В прошлом веке для таких объяснений и оправданий была найдена формула «Среда заела».
Когда-то это звучало убедительно, потом обесценилось, приобрело пародийное звучание.
«Почему вы пьянствуете?» — «Среда заела!», «Почему бездельничаете?» — «Среда заела!», «Почему берете взятки?» — «Среда заела!» Над этим ответом стали подтрунивать, потом смеяться, потом издеваться.
Однако и до сих пор мы нередко прибегаем к этой классической формуле, облекая ее в иные слова, если хотим объяснить разочаровывающее, а иногда и пугающее поведение человека. Но не следует забывать, какую роль в своей собственной судьбе играет сам человек, забывать о важной, а может быть важнейшей, части воспитания — самовоспитании.
Да, родители, семья, школа, все и всяческие коллективы дают человеку или недодают ему очень многое. Но из всех обстоятельств, формирующих человека, важнейшее — собственное сознательное отношение к собственной жизни, к собственным мыслям и планам, и прежде всего — к собственным действиям.
Современники и потомки издавна помнили и чтили тех, кто упорным трудом самовоспитания определил свою судьбу, преодолев неблагоприятные условия.
В Древней Греции было немало замечательных ораторов. Но больше всех запомнили Демосфена. Демосфен родился в 384 г. до н. э. Рано потерял отца, опекуны жестоко обманули его, присвоив отцовское наследство.

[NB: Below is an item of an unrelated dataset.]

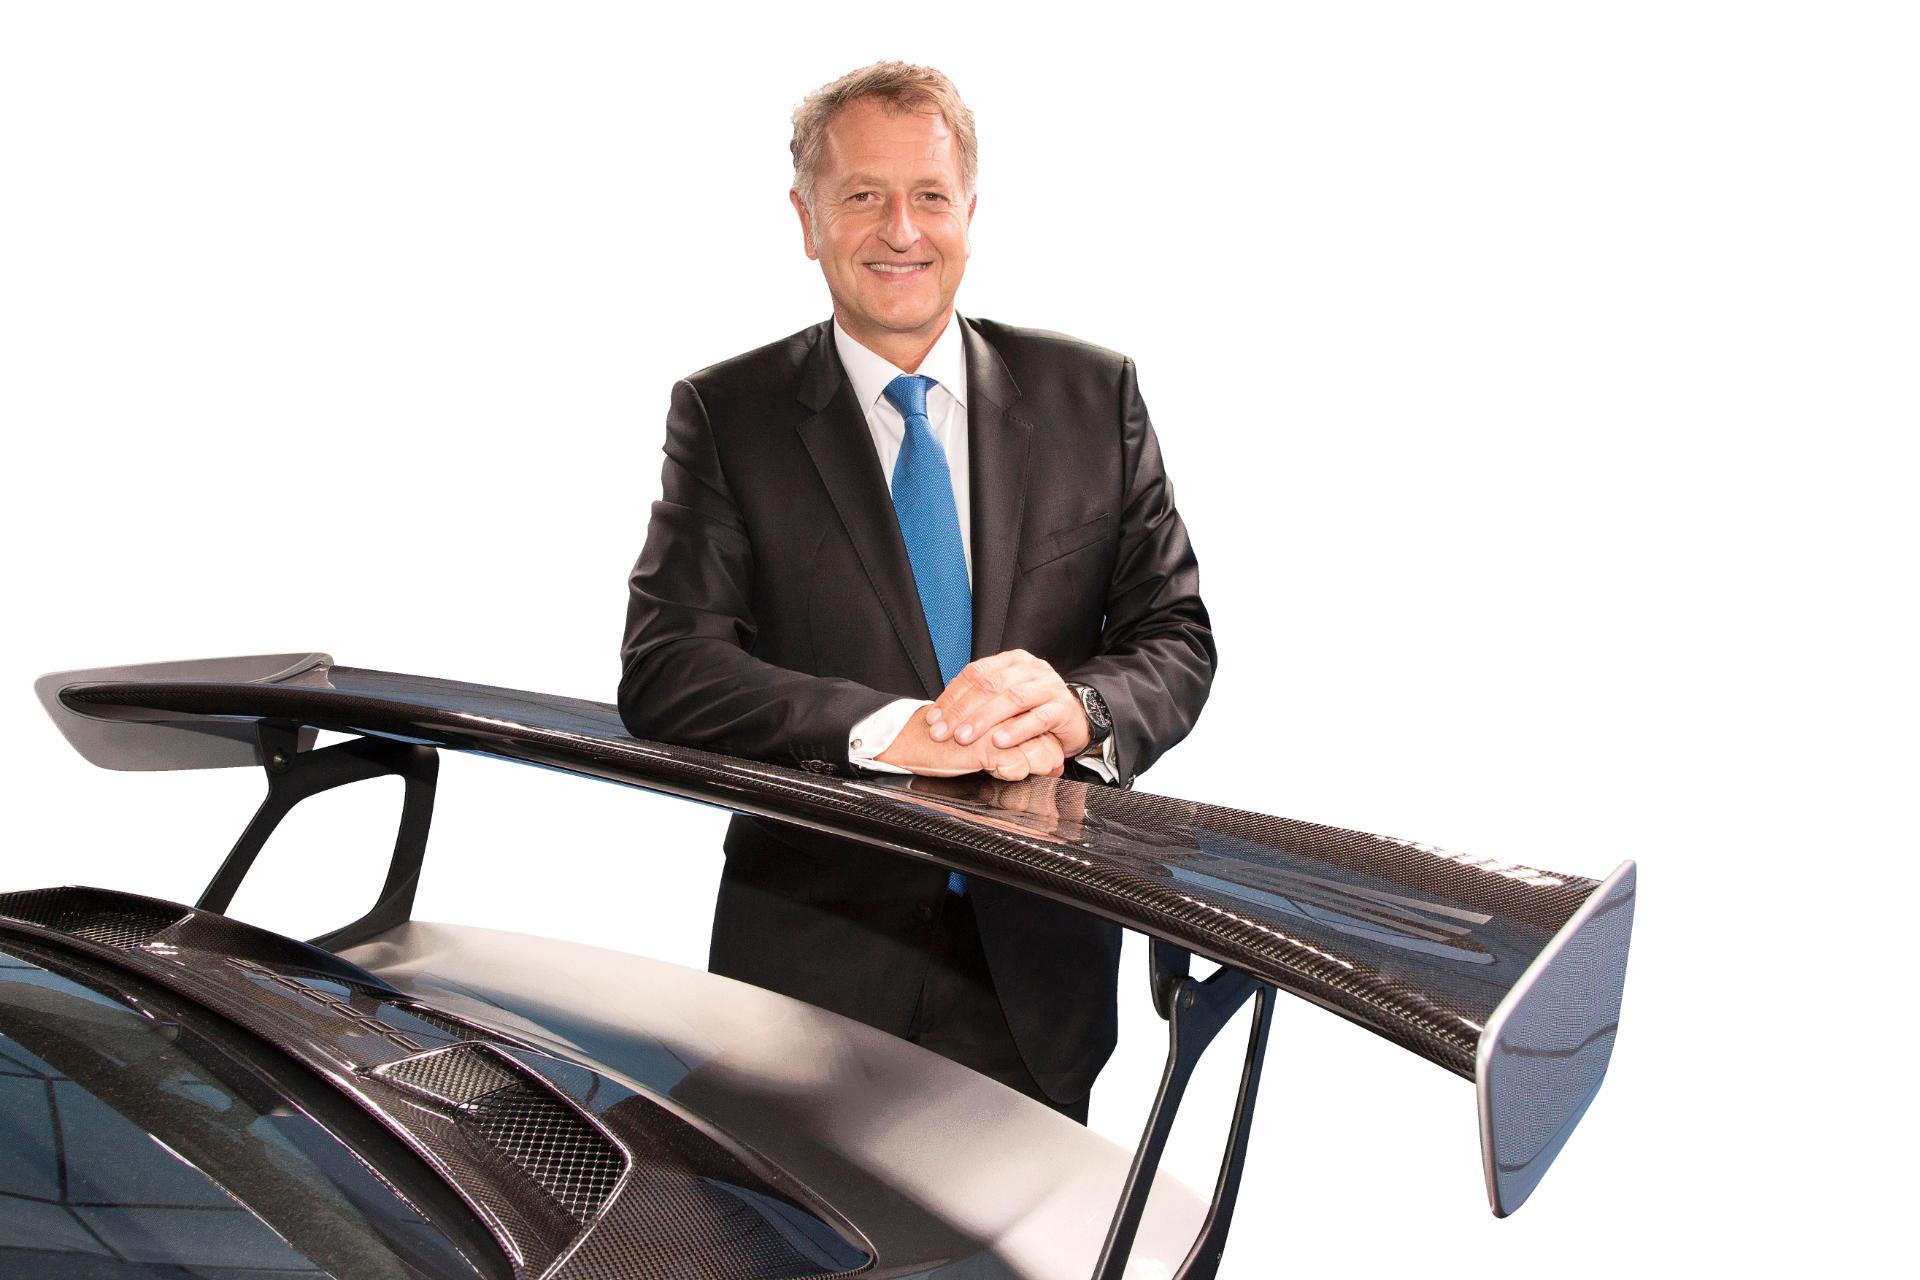 Detlev von Platen, Mitglied des Porsche Vorstandes, Vertrieb und Marketing

Демосфен решил добиться справедливости. Он стал судебным оратором и добился приговора суда в свою пользу, но состояние его отца было к тому времени уже растрачено. Тогда Демосфен надумал стать оратором политическим и потерпел жестокую неудачу. В Древней Греции от оратора требовались звучный голос, безукоризненная дикция, выразительные жесты и мимика. А Демосфен говорил тихо, картавил, был неуклюж, нервно подергивал плечом. Но он превозмог эти недостатки. Предания рассказывают, как он развил силу голоса: заставлял себя говорить громко и звучно на берегу моря, стараясь заглушить прибой, брал в рот камешки, чтобы научиться чисто произносить звук «р». Он упражнялся в жестах и мимике перед высоким зеркалом. Подвешивал над плечом меч, чтобы уколы отучили его от нервного подергивания. И наконец, покорил слушателей содержанием и красотой своих речей. Первую политическую речь Демосфен произнес, ратуя за сохранение независимости Афин против попыток македонского царя Филиппа И подчинить Афины своей власти. Потом он еще не раз произносил речи против царя Филиппа II — «филиппики», они сохранились в истории как образцы непревзойденного красноречия, благородного по содержанию и прекрасного по форме, и на долгие века стали примером для ораторов. Само имя «Демосфен» обрело значение нарицательное. История жизни Демосфена, упорство, с которым он победил обстоятельства, преодолел препятствия, казалось бы неодолимые, и сумел стать тем, кем стремился, поучительна и для нашего времени.